Will TC or WRX wheels fit? The bolt pattern and offset is the same, but I have never seen them on our cars.


----------



## zachzula (Feb 18, 2010)

*Re: Scion tc/WRX wheels on mkIV (zachzula)*

ne1?


----------



## audi666 (Jul 8, 2003)

*Re: Scion tc/WRX wheels on mkIV (zachzula)*

check the hub bore on the tc's
i know ive seen them before.

as for wrx wheels the hub bore is 56.1mm and vw is 57.1mm.


----------



## [email protected] (Apr 9, 2008)

*Re: Scion tc/WRX wheels on mkIV (audi666)*


_Quote, originally posted by *audi666* »_check the hub bore on the tc's
i know ive seen them before.

as for wrx wheels the hub bore is 56.1mm and vw is 57.1mm.


Scion hub is 54mm, so either the Subie or Scion wheel would have to have the bores machined out to clear the VW hub @ 57
The WRX wheels (up to 2004) are normally ET55, so they'd need a spacer to work.....

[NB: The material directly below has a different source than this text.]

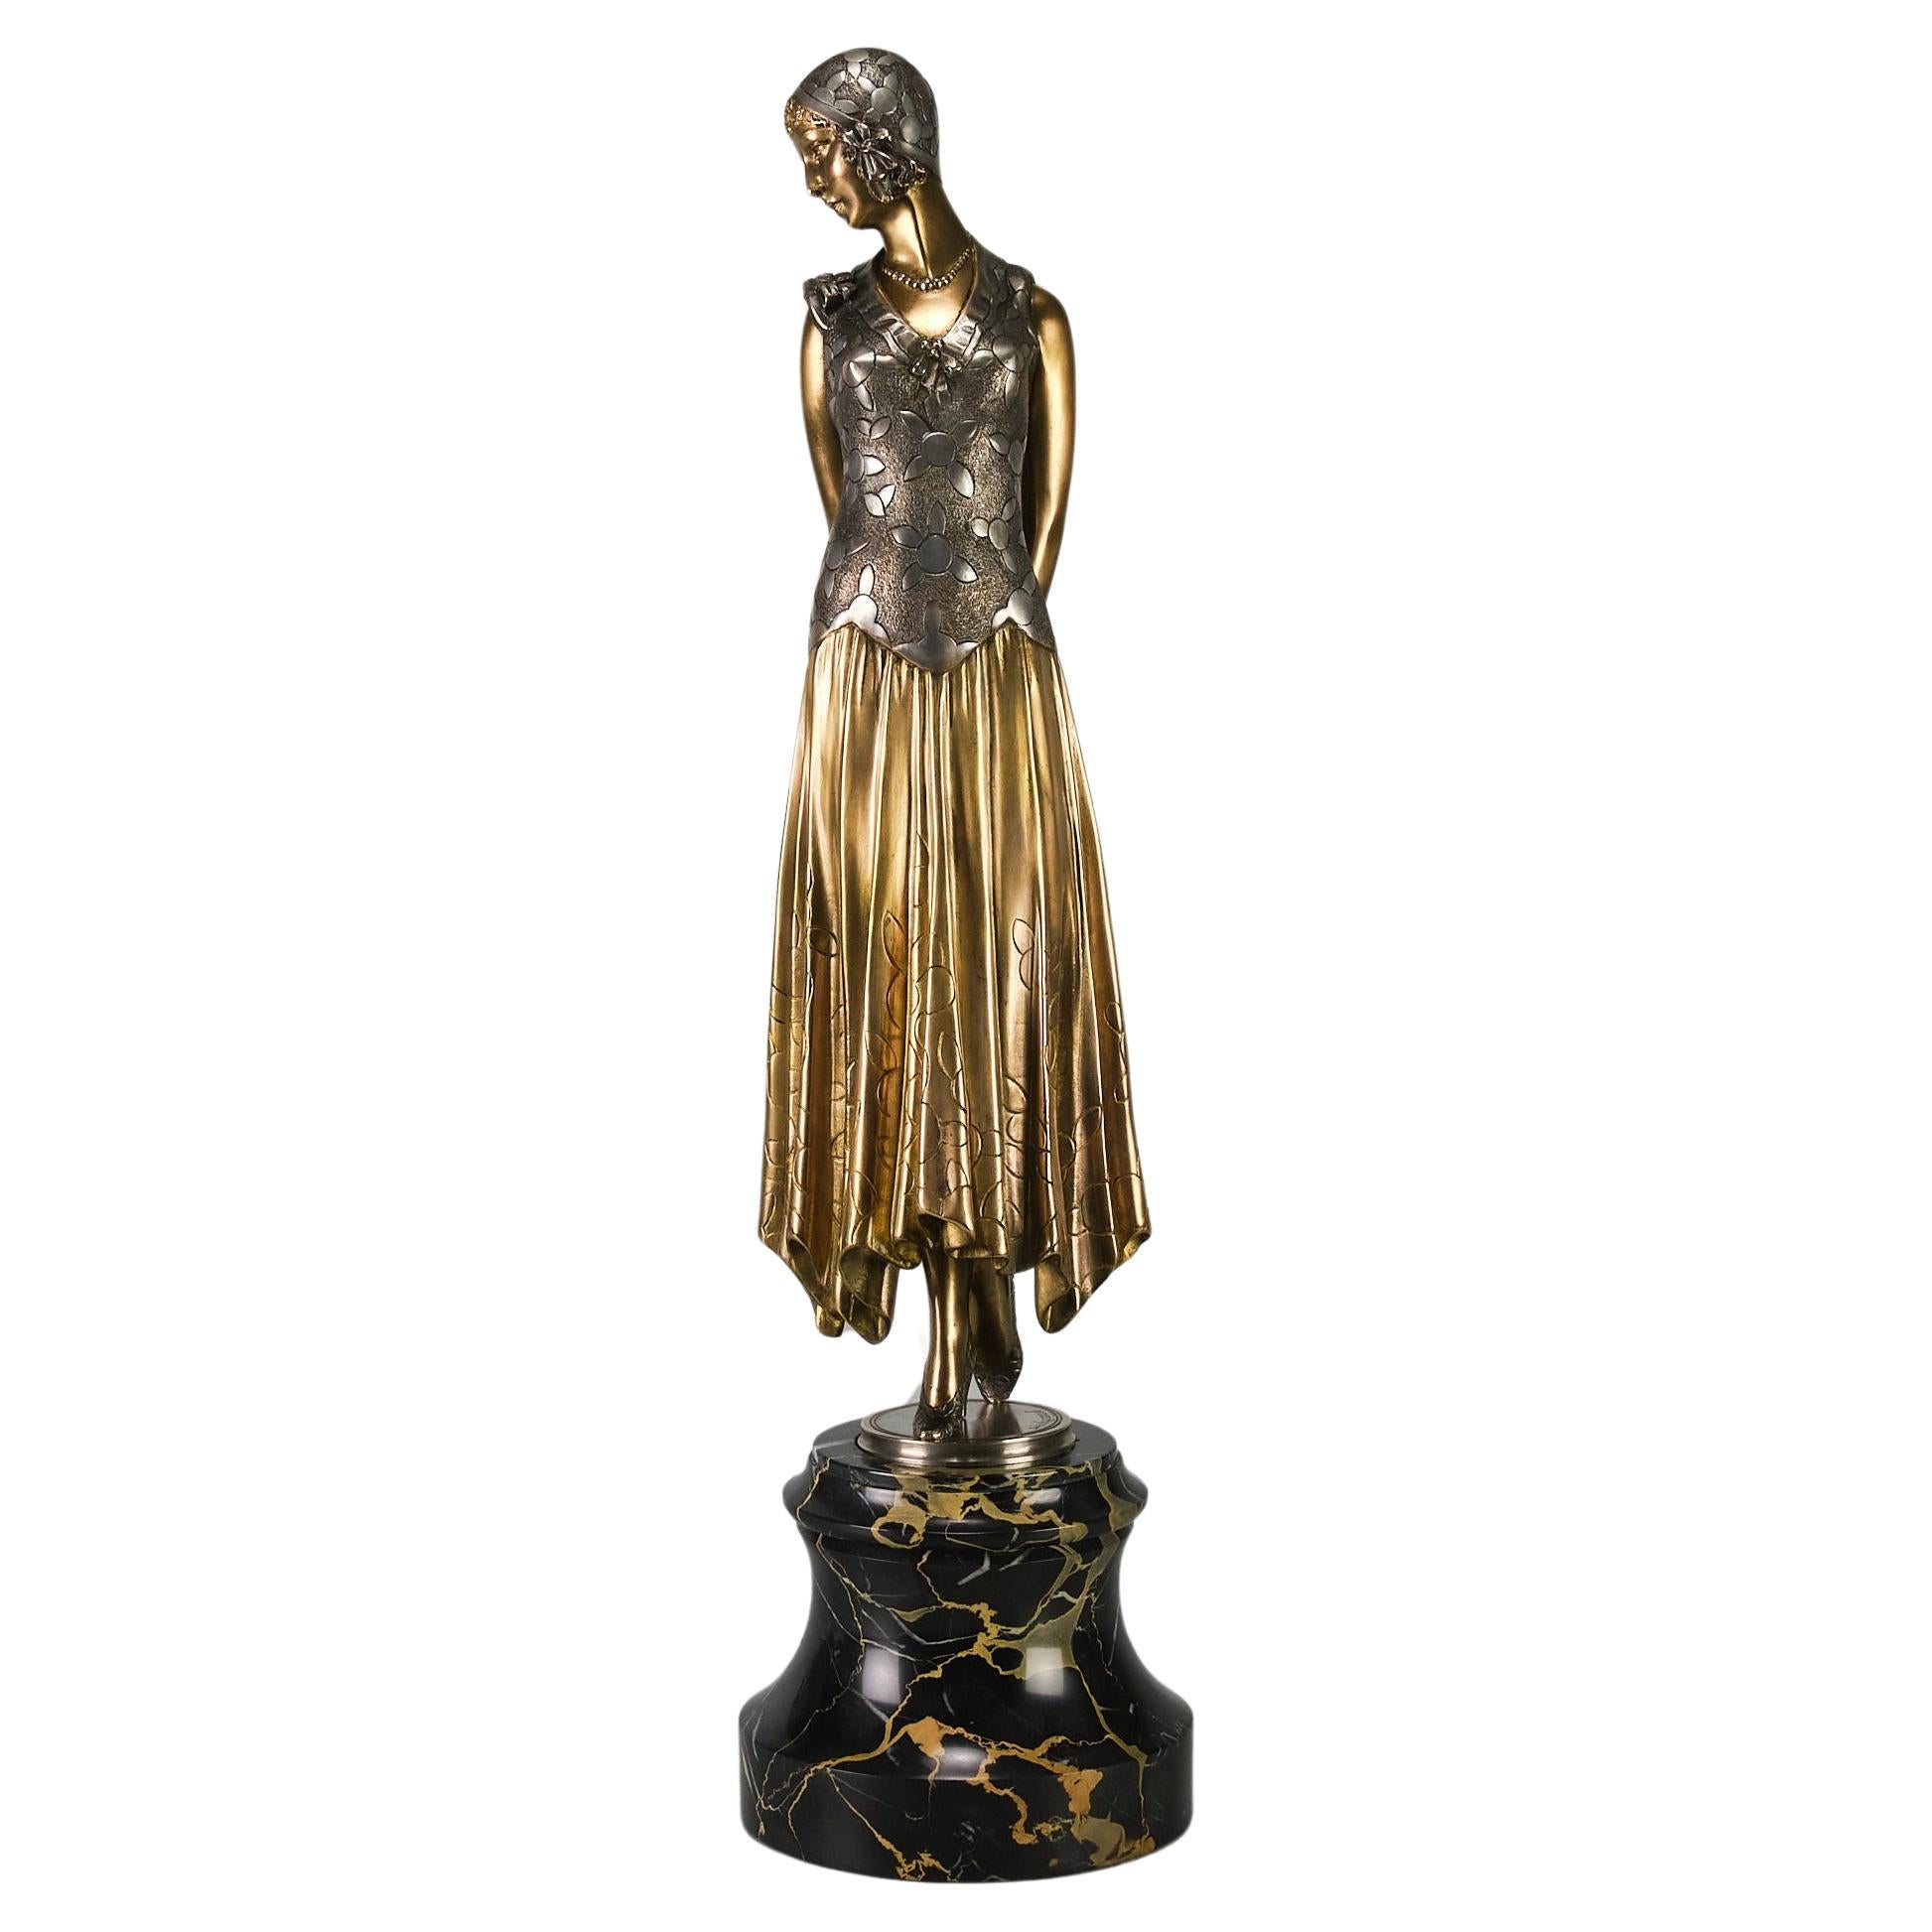 Early 20th Century Art Deco Bronze Sculpture entitled "Book Lady" by D Chiparus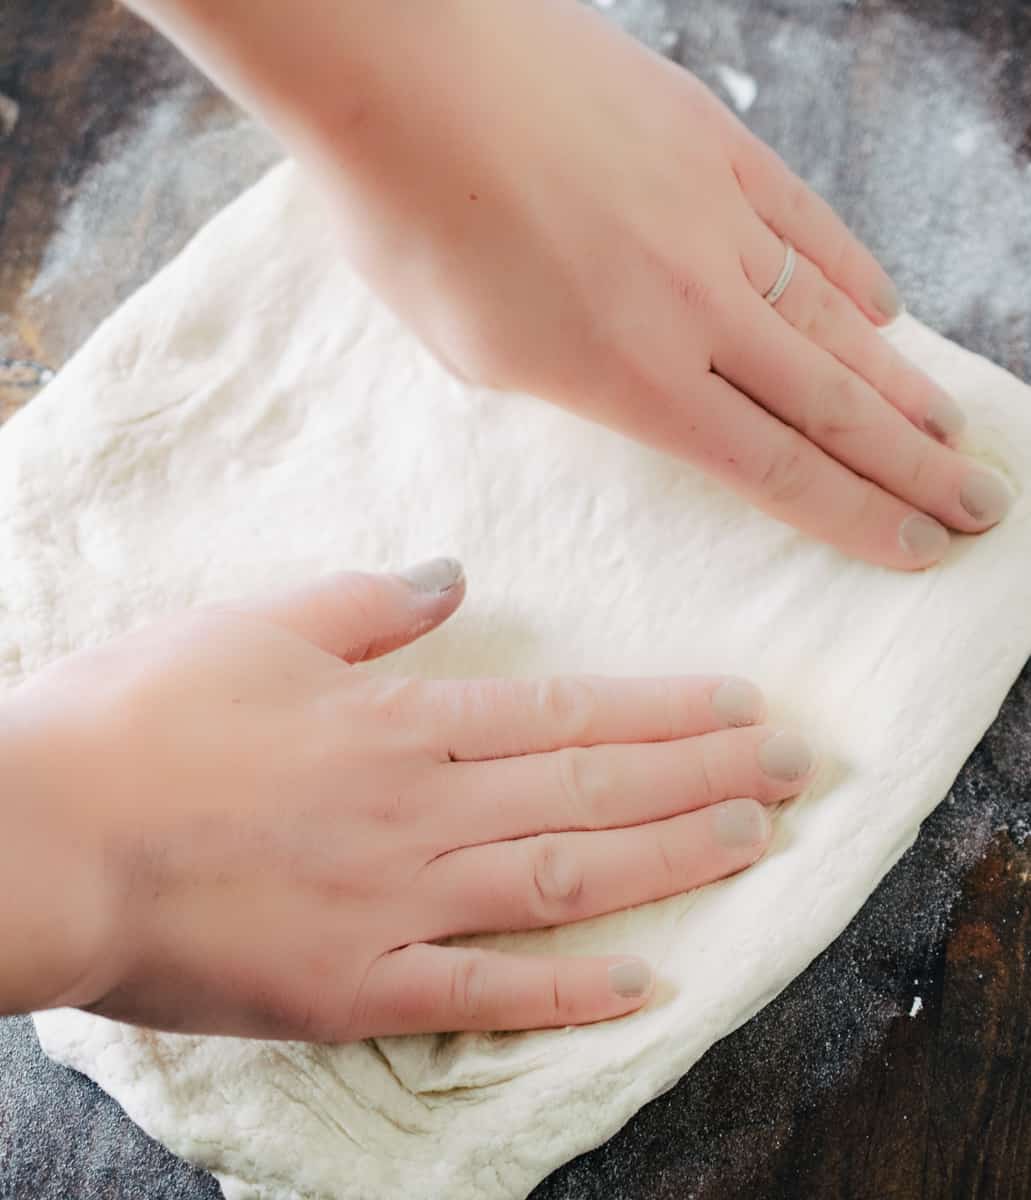 stretching pizza dough by hand on a floured surface

_Modified by [email protected] at 7:15 PM 2-23-2010_


----------



## scrubinadub (Jan 18, 2009)

*Re: Scion tc/WRX wheels on mkIV ([email protected])*

i bolted up some long beaches on my fathers subaru impreza a while back and it bolted right up.


----------



## zachzula (Feb 18, 2010)

*Re: Scion tc/WRX wheels on mkIV (scrubinadub)*

alright, thanks guys. I didnt know about the hub sizing problem. But It might be worth it to machine out the hub if you can come across them cheap enough. I know I saw a set of scion tc wheels on craigslist for 150 bucks, so thats why I originally posed the question.


----------



## [email protected] (Apr 9, 2008)

*Re: Scion tc/WRX wheels on mkIV (zachzula)*

No problem, happy to help !


----------